Dataset extract>
================================
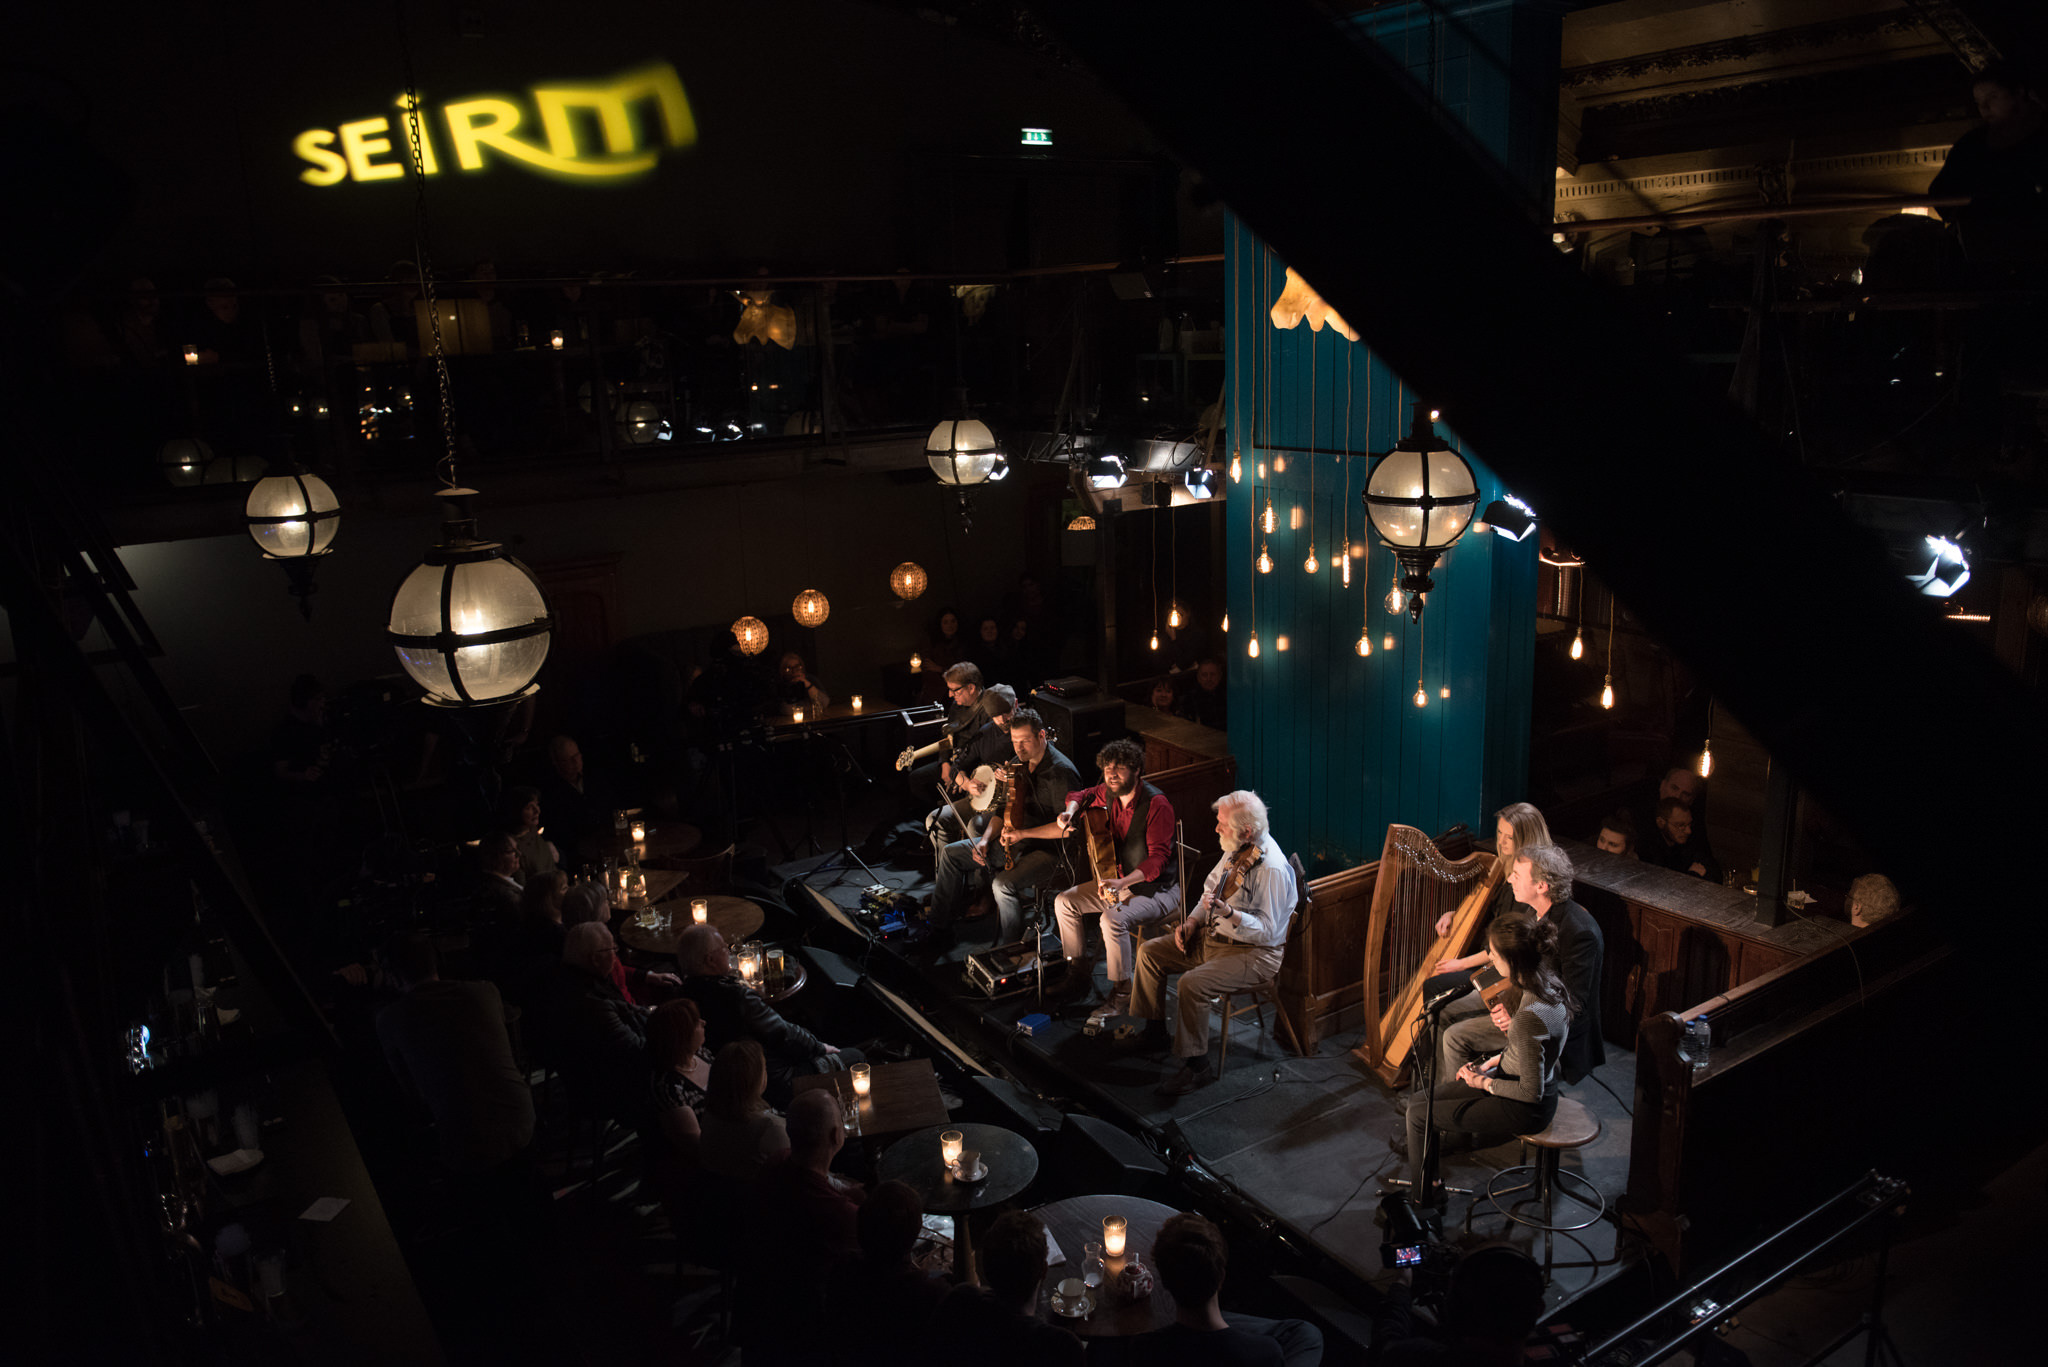 seirm-tv-bbc-alba-music-recording-hillhead-bookclub-glasgow.jpg
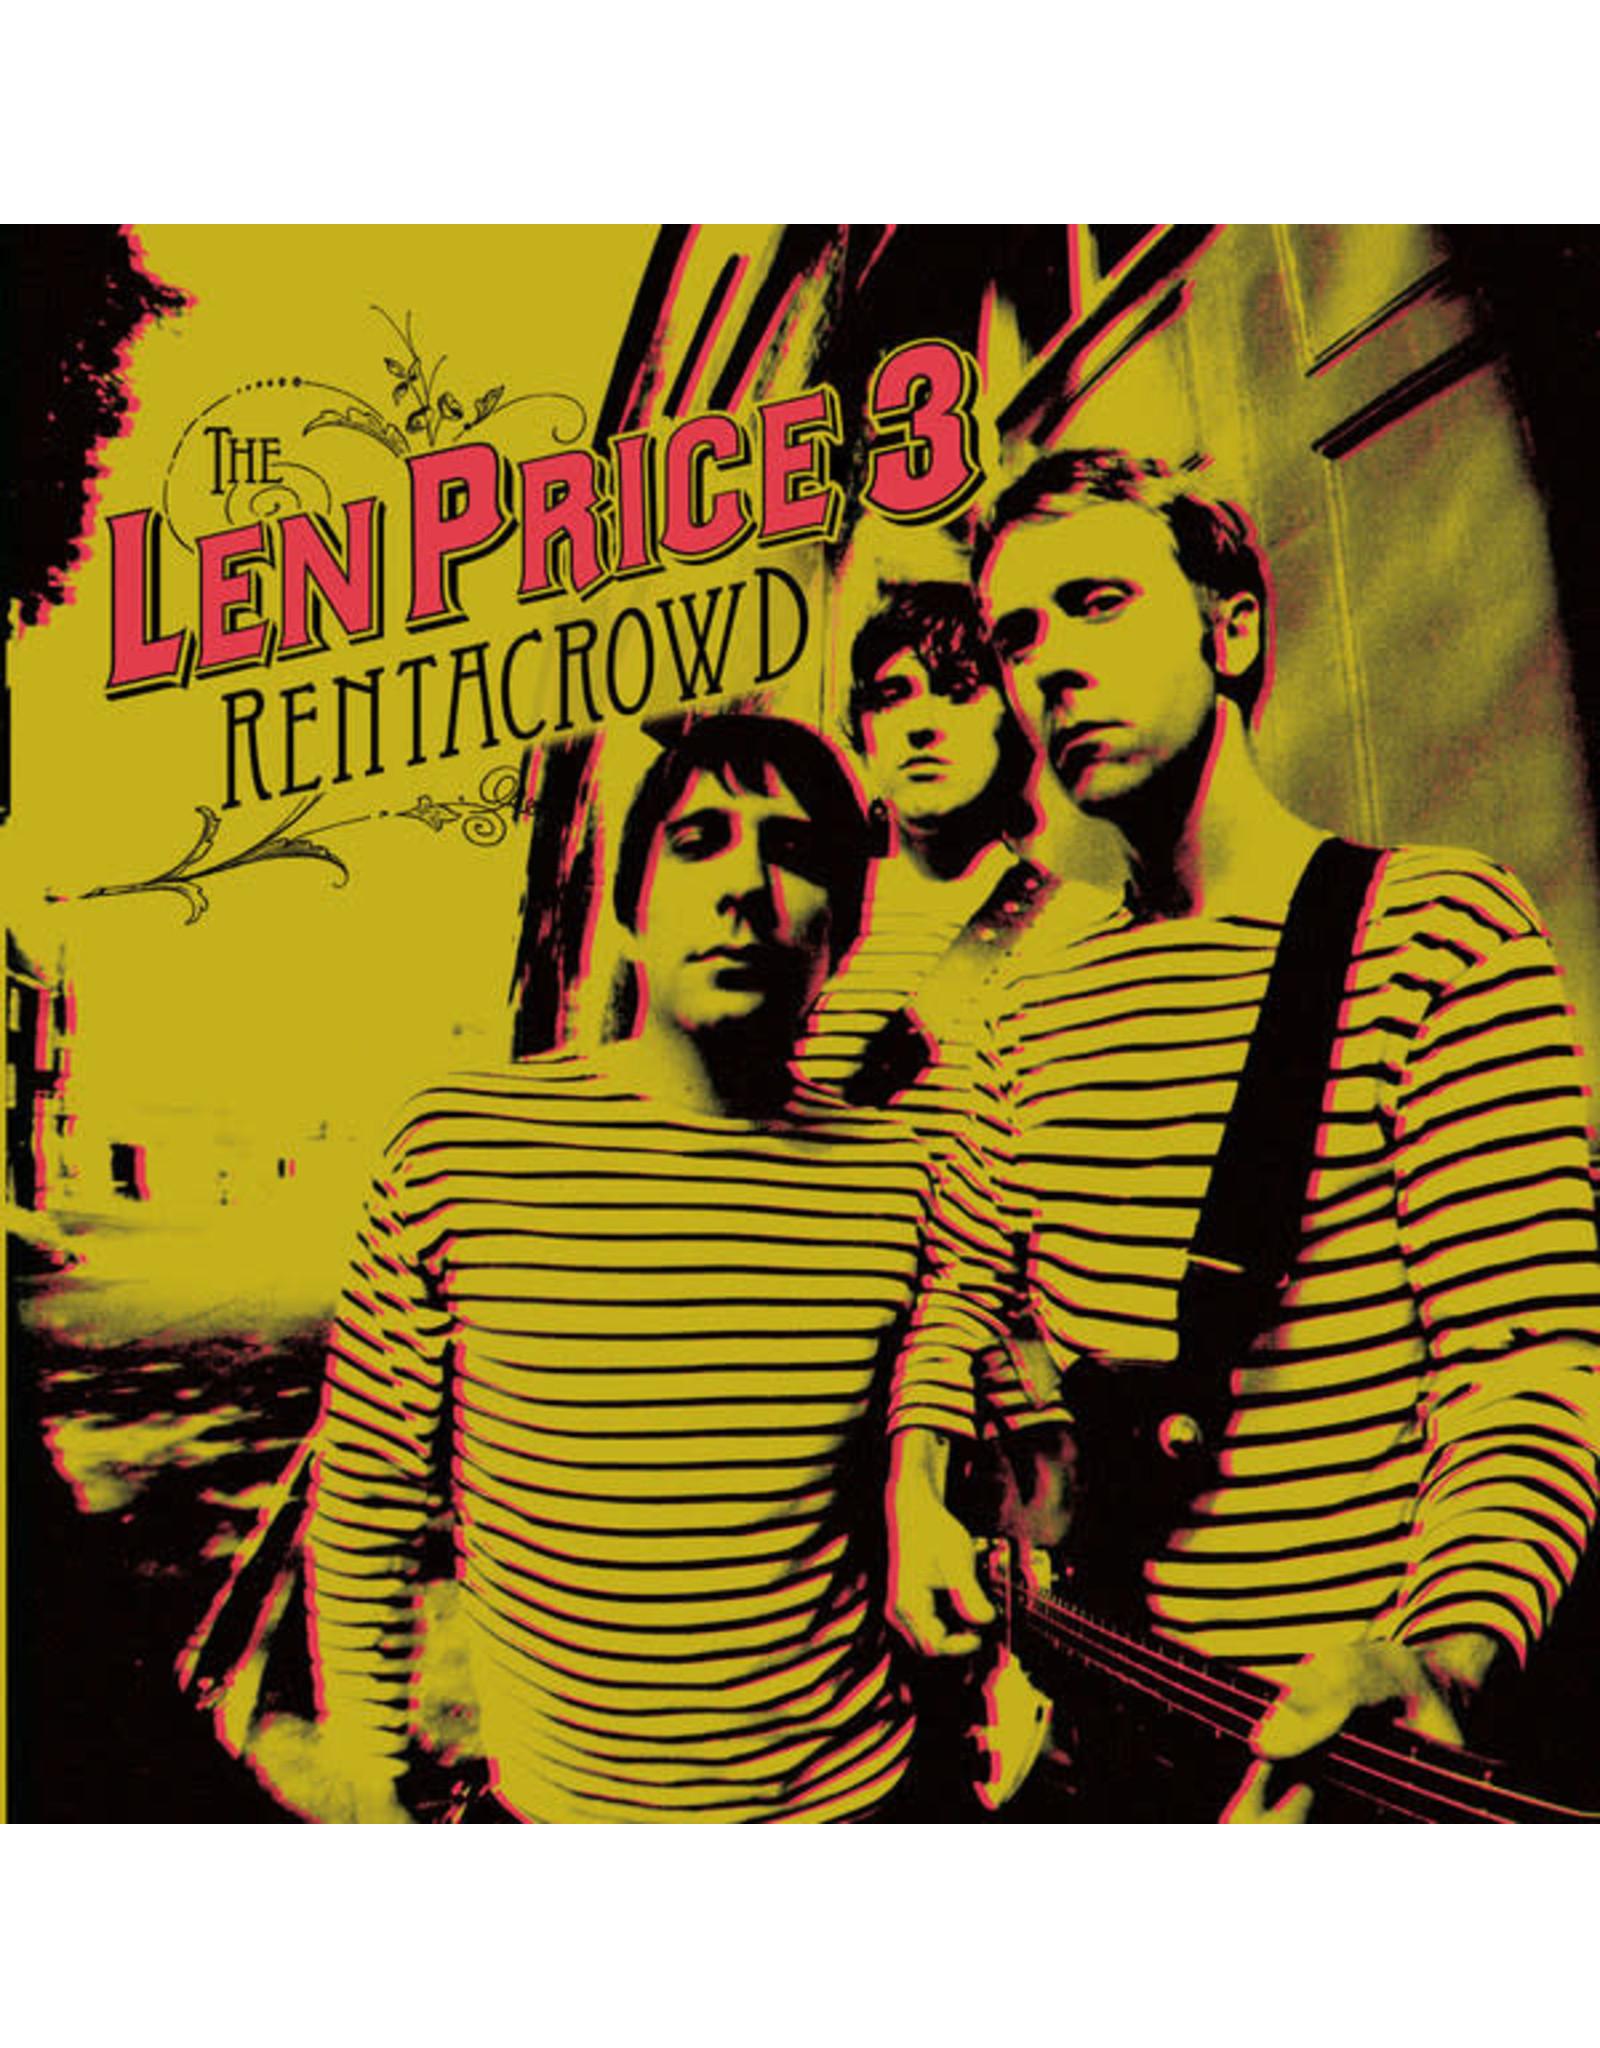 Vinyl The Len Price 3 - Rentacrowd  Final Sale
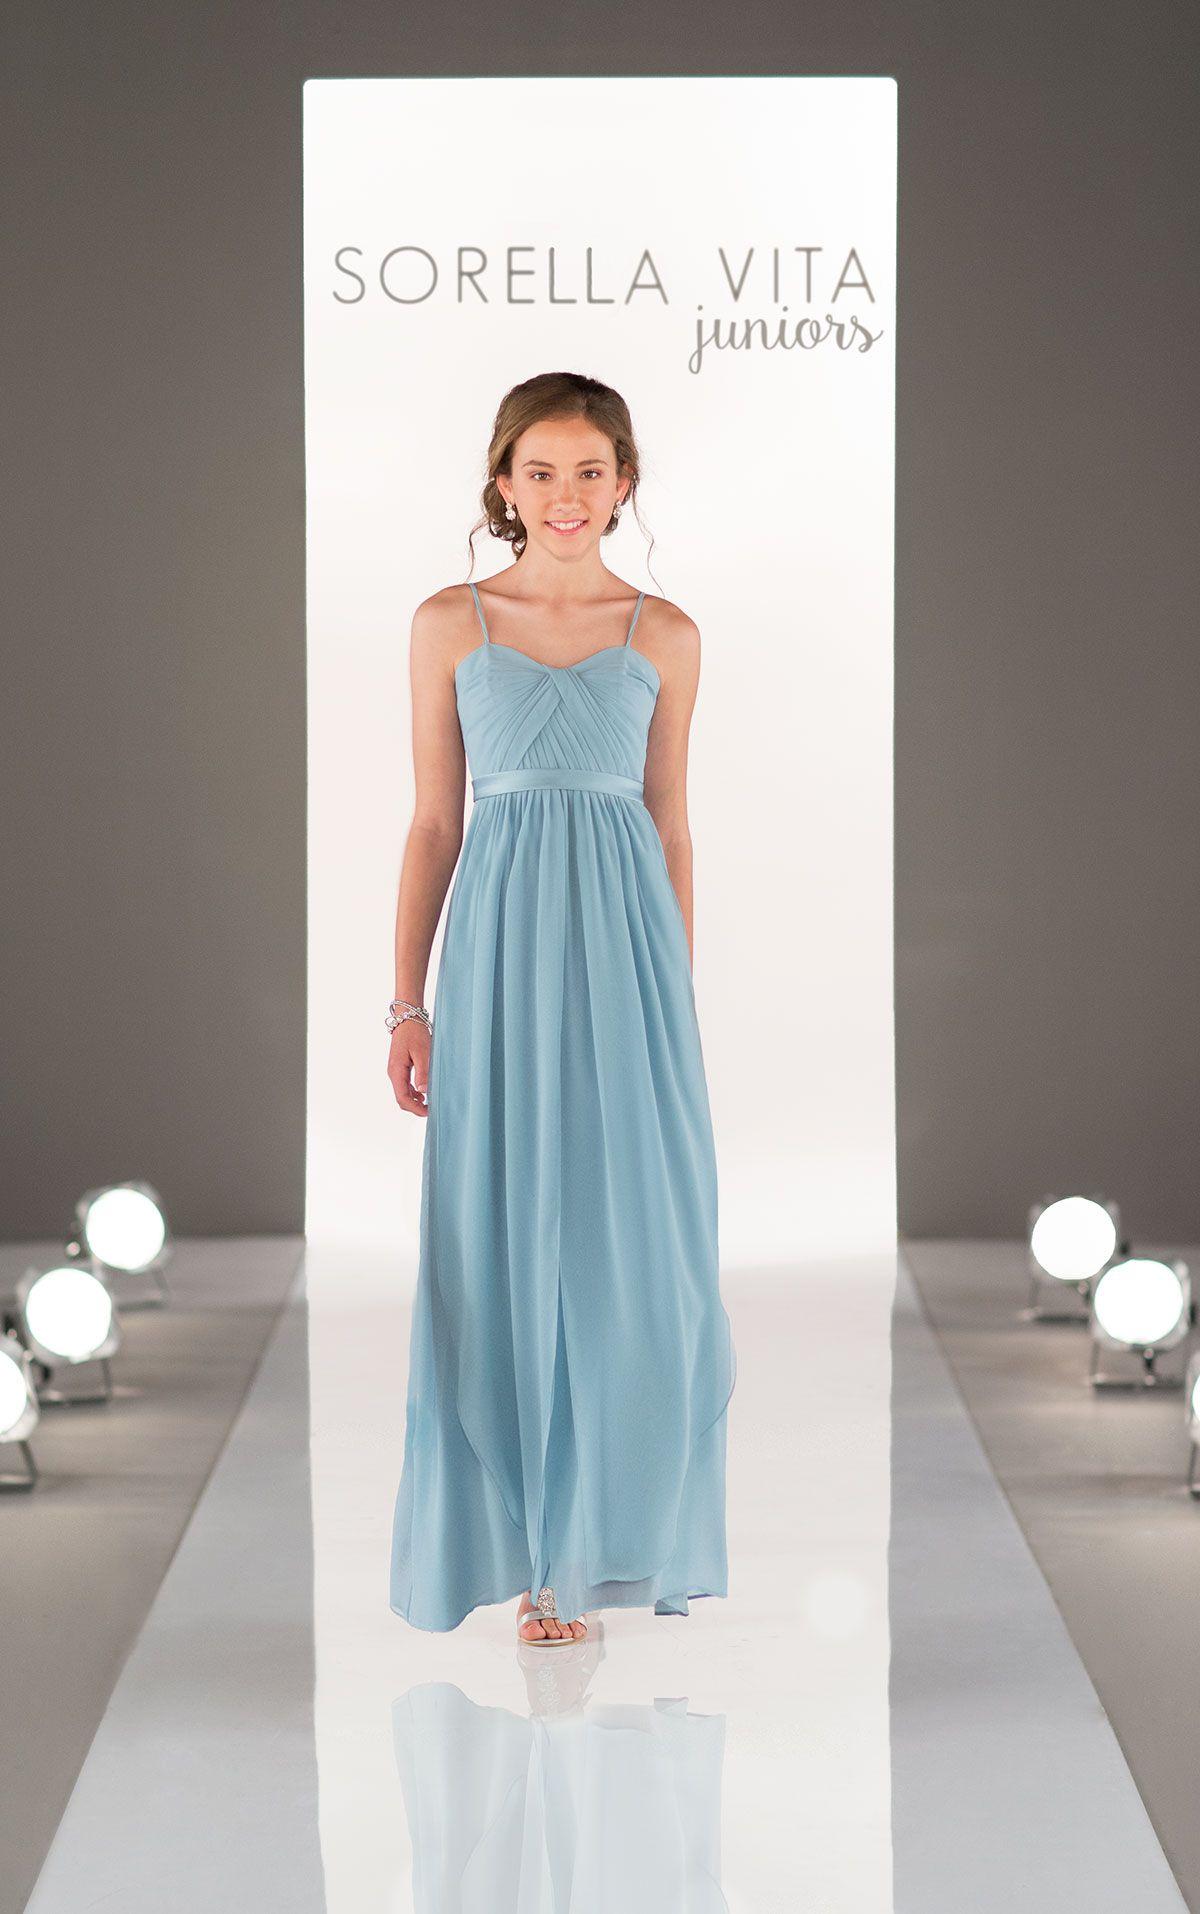 Juniors Chiffon Dress   Celebrations, Wedding and Weddings
================================
What is needed>
Please print the data above once more, exactly as it appears, with no pictures.

Solution to the problem>
 seirm-tv-bbc-alba-music-recording-hillhead-bookclub-glasgow.jpg
 Vinyl The Len Price 3 - Rentacrowd  Final Sale
 Juniors Chiffon Dress   Celebrations, Wedding and Weddings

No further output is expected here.